Worked example · Dreilokale (Reference 01 → 02).
Dreilokale is the Swiss event-location matching platform Morvion built end-to-end. The architecture mirrors Reference 01 and is currently graduating into Reference 02 as liquidity grows.
- Request flow. One structured request from the organiser (event type, party size, date window, region, budget band) takes under two minutes to complete.
- Matching. Operator-curated tailored venue proposals back inside 48 hours. The operator console runs the matching today; algorithmic matching is queued for the next phase.
- Dashboards. Organiser-side (track requests, see proposals, accept one) and venue-side (see inbound matches, respond inside the SLA) are different products.
- Trust. Named operator behind the matching, displayed reply time on venue cards, completion count per venue.
- Monetization. Lead credits per vetted request, currently, graduating to a hybrid take rate as liquidity passes the threshold.
- Operator console. One screen the platform team runs the marketplace from. Open requests, supplier notification queue, escalations, refunds.
Regional notes · Switzerland, DACH, EU.
The architecture applies broadly. A few region-specific considerations from CH and DACH engagements:
- Payment rails: TWINT is non-optional for any consumer-facing marketplace in CH. Stripe + TWINT via PostFinance is the default combination Morvion ships. For B2B, SEPA + invoicing is usually enough.
- Multilingual: Zürich + ZH region operates in DE + EN; Vaud + Geneva + Lausanne in FR + EN; Tessin in IT + EN. Bilingual content is the floor, not a nice-to-have; the request flow respects language per region.
- Regulatory: Swiss FADP (revised 2023) and EU GDPR/DSGVO both apply to marketplace data. Consent boundaries on the memory layer are tighter than US norms; cross-border data flows need an explicit lawful basis.
- Holidays + closures: Swiss public holidays differ by canton; the matching layer respects that so a request landing on a Berne holiday doesn't wait until the Berne supply team is back. Single national calendar is wrong.
- Trust expectations: DACH demand side weights response time and named operator higher than US norms weight star ratings. Adjust the trust-signal priority accordingly.
A marketplace platform is not finished when both sides can transact. It is finished when both sides do less work per transaction than they would without it.
Where this fits in Morvion engagements.
Marketplaces are built inside Digital Products & Platforms, with the trust and matching surfaces frequently extending into Experience Design & Interactive Worlds for the editorial layer. Engagements start with a two-week Discovery Sprint that audits the demand and supply sides, validates the request shape, and locks the data model before any production build.
For the long-form narrative on these patterns, see the field notes on marketplace design principles and marketplace trust signals.
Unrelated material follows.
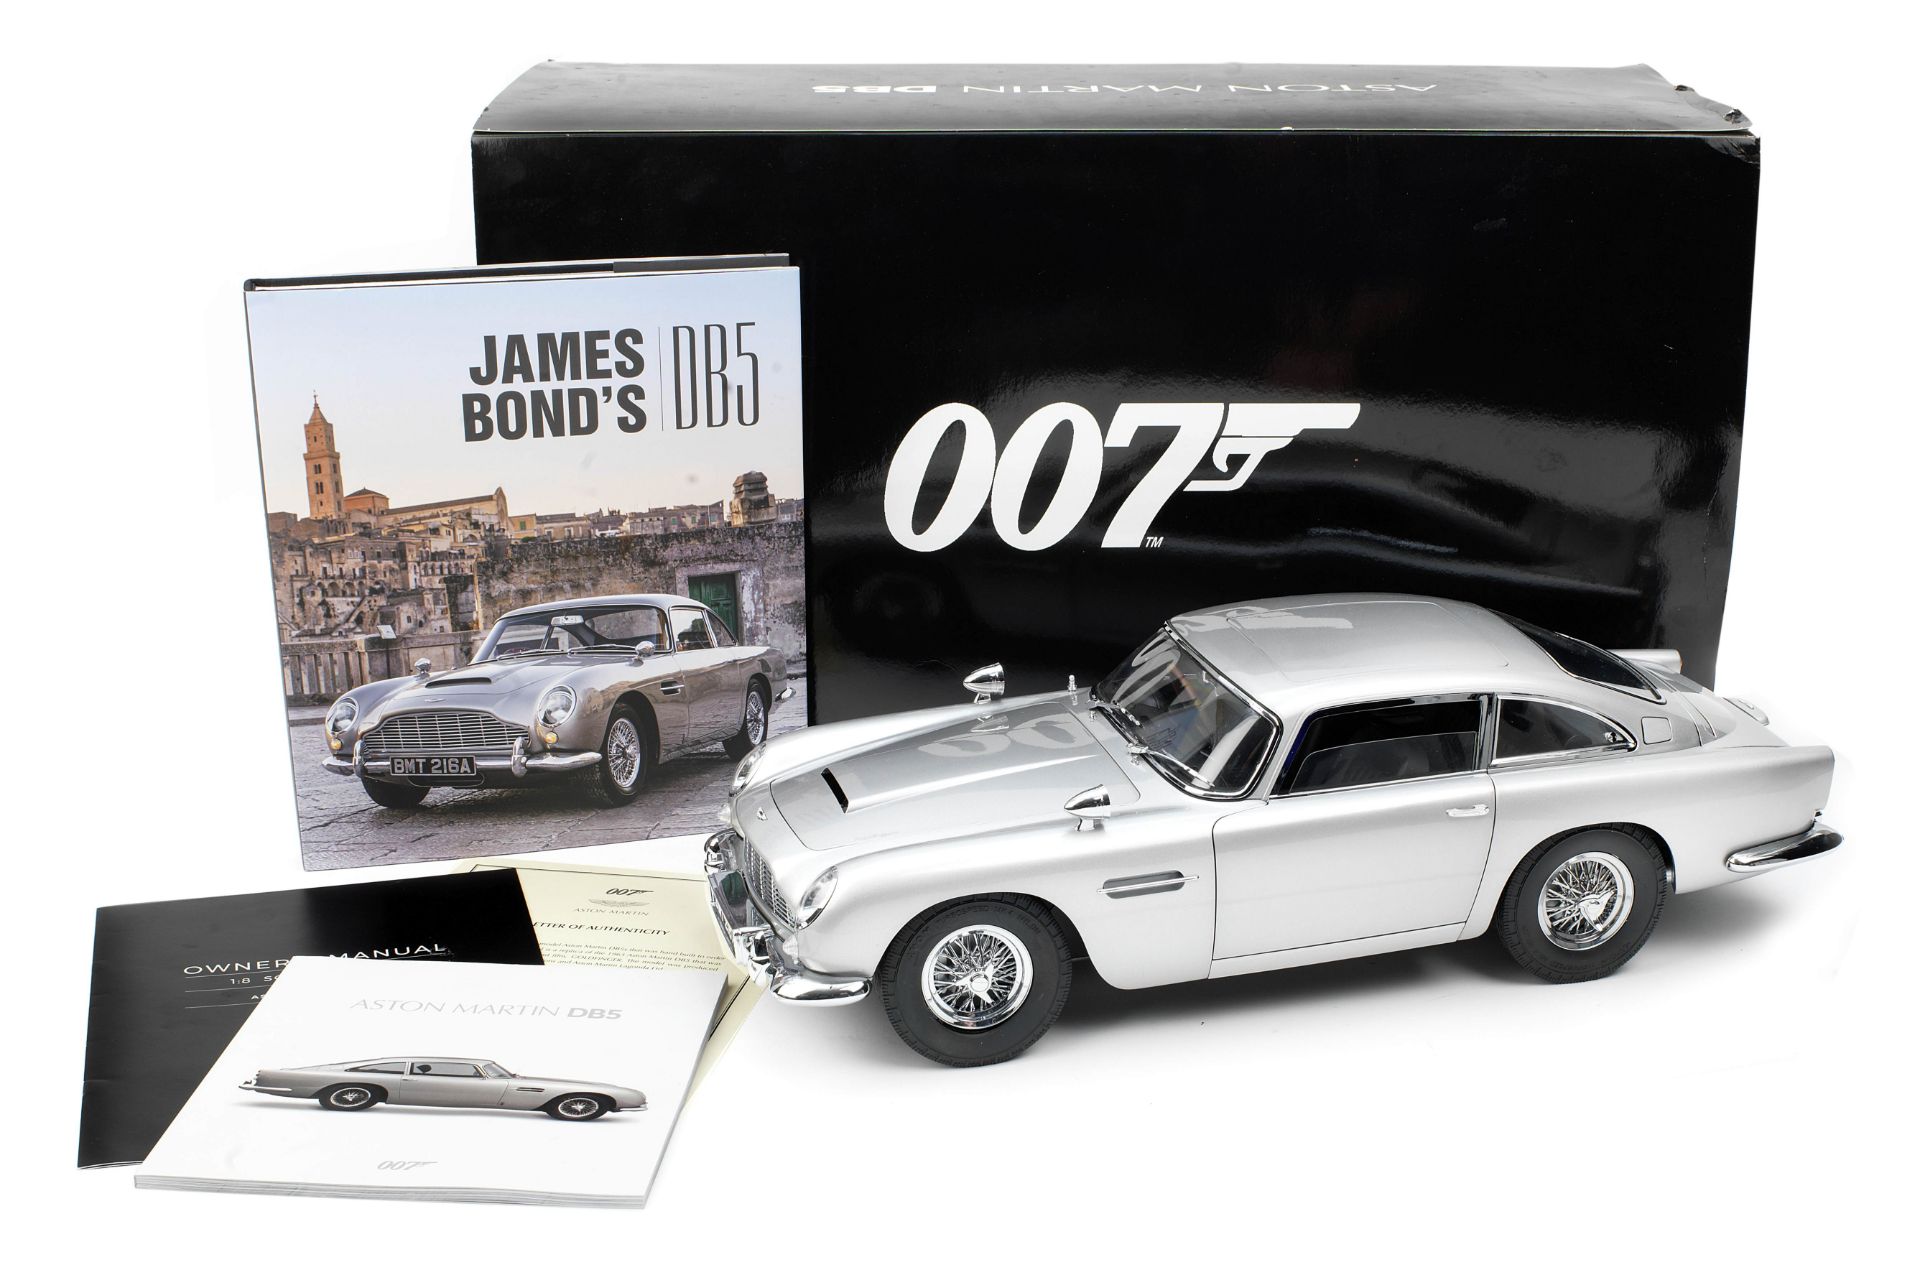 A finely detailed 1:8 scale model of the James Bond 'Goldfinger' Aston Martin DB5 constructed by ...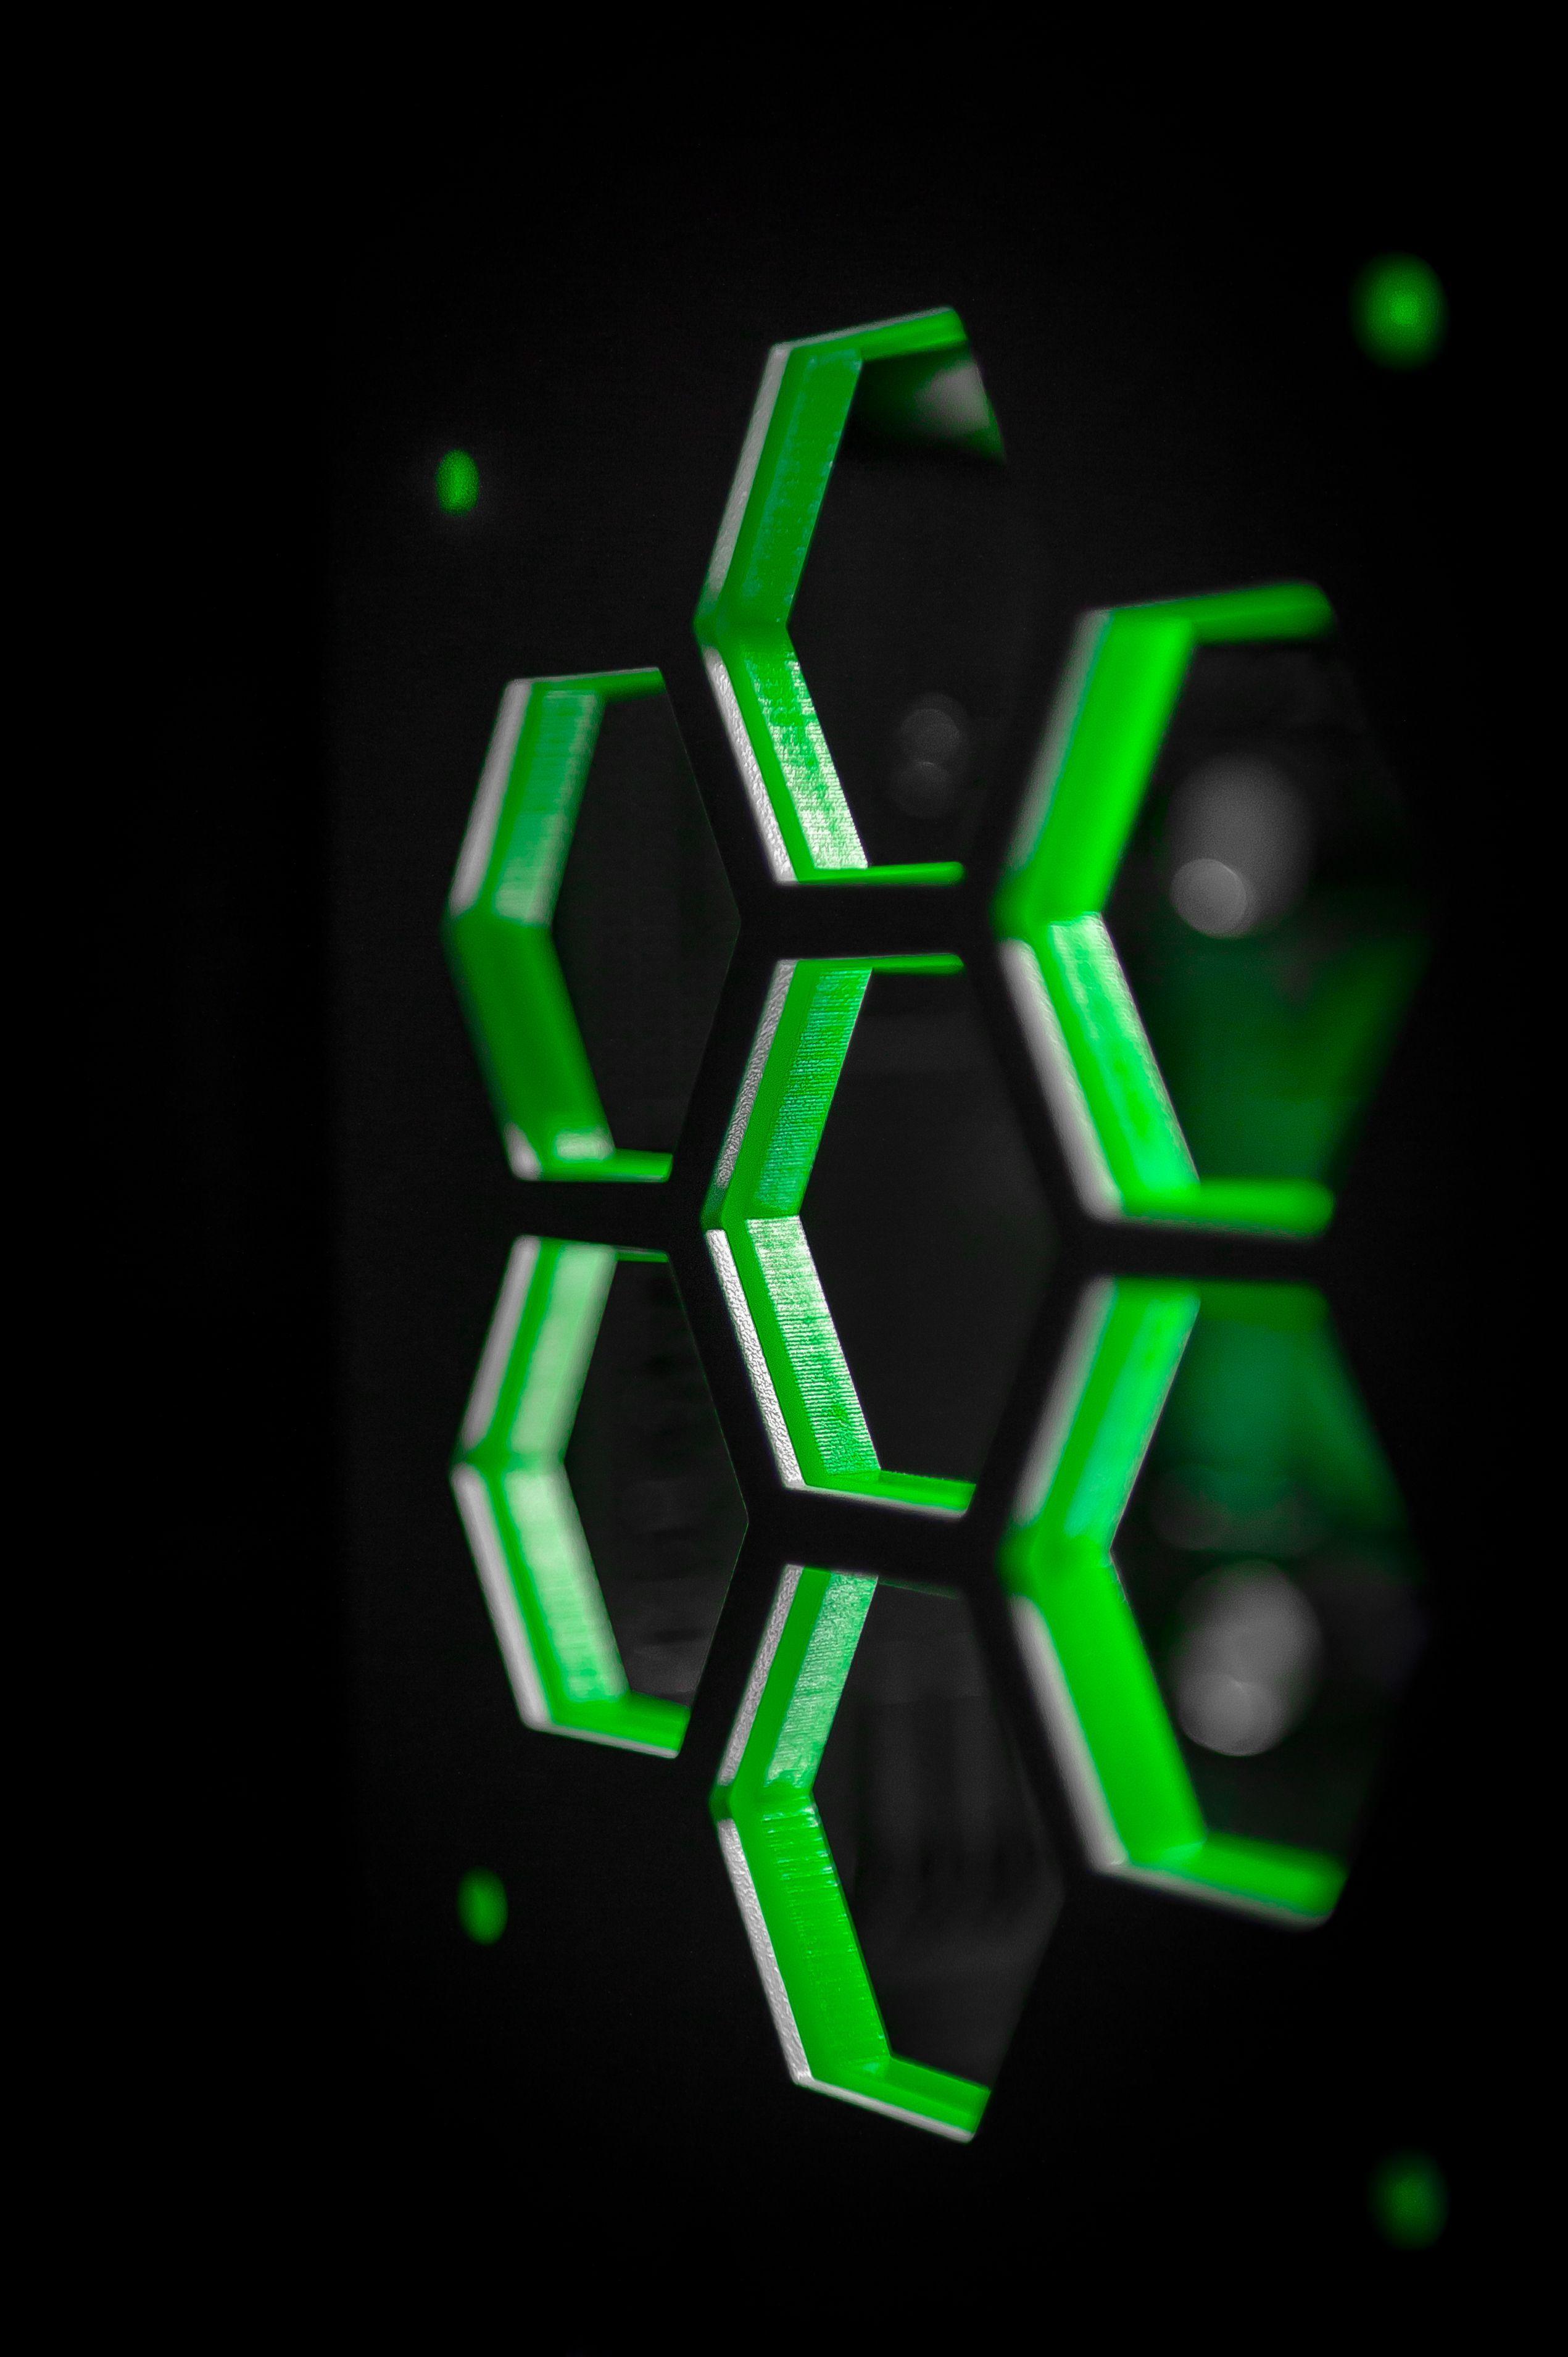 R40 Logo - Pin by D Leong on HexGear R40 Green Cryo Build in 2019 | Logos ...

For the one-paragraph definition of the underlying term, see the glossary entry on marketplace platform. Hospitality marketplaces specifically are covered in the companion Hospitality Digital Stack Report.
Versioning of this report.
This document is versioned. Substantial revisions (new reference architecture, new cost band, new region notes) bump the major version. Minor refinements are silent. Current version: 1.0.0, published 2026-05-19.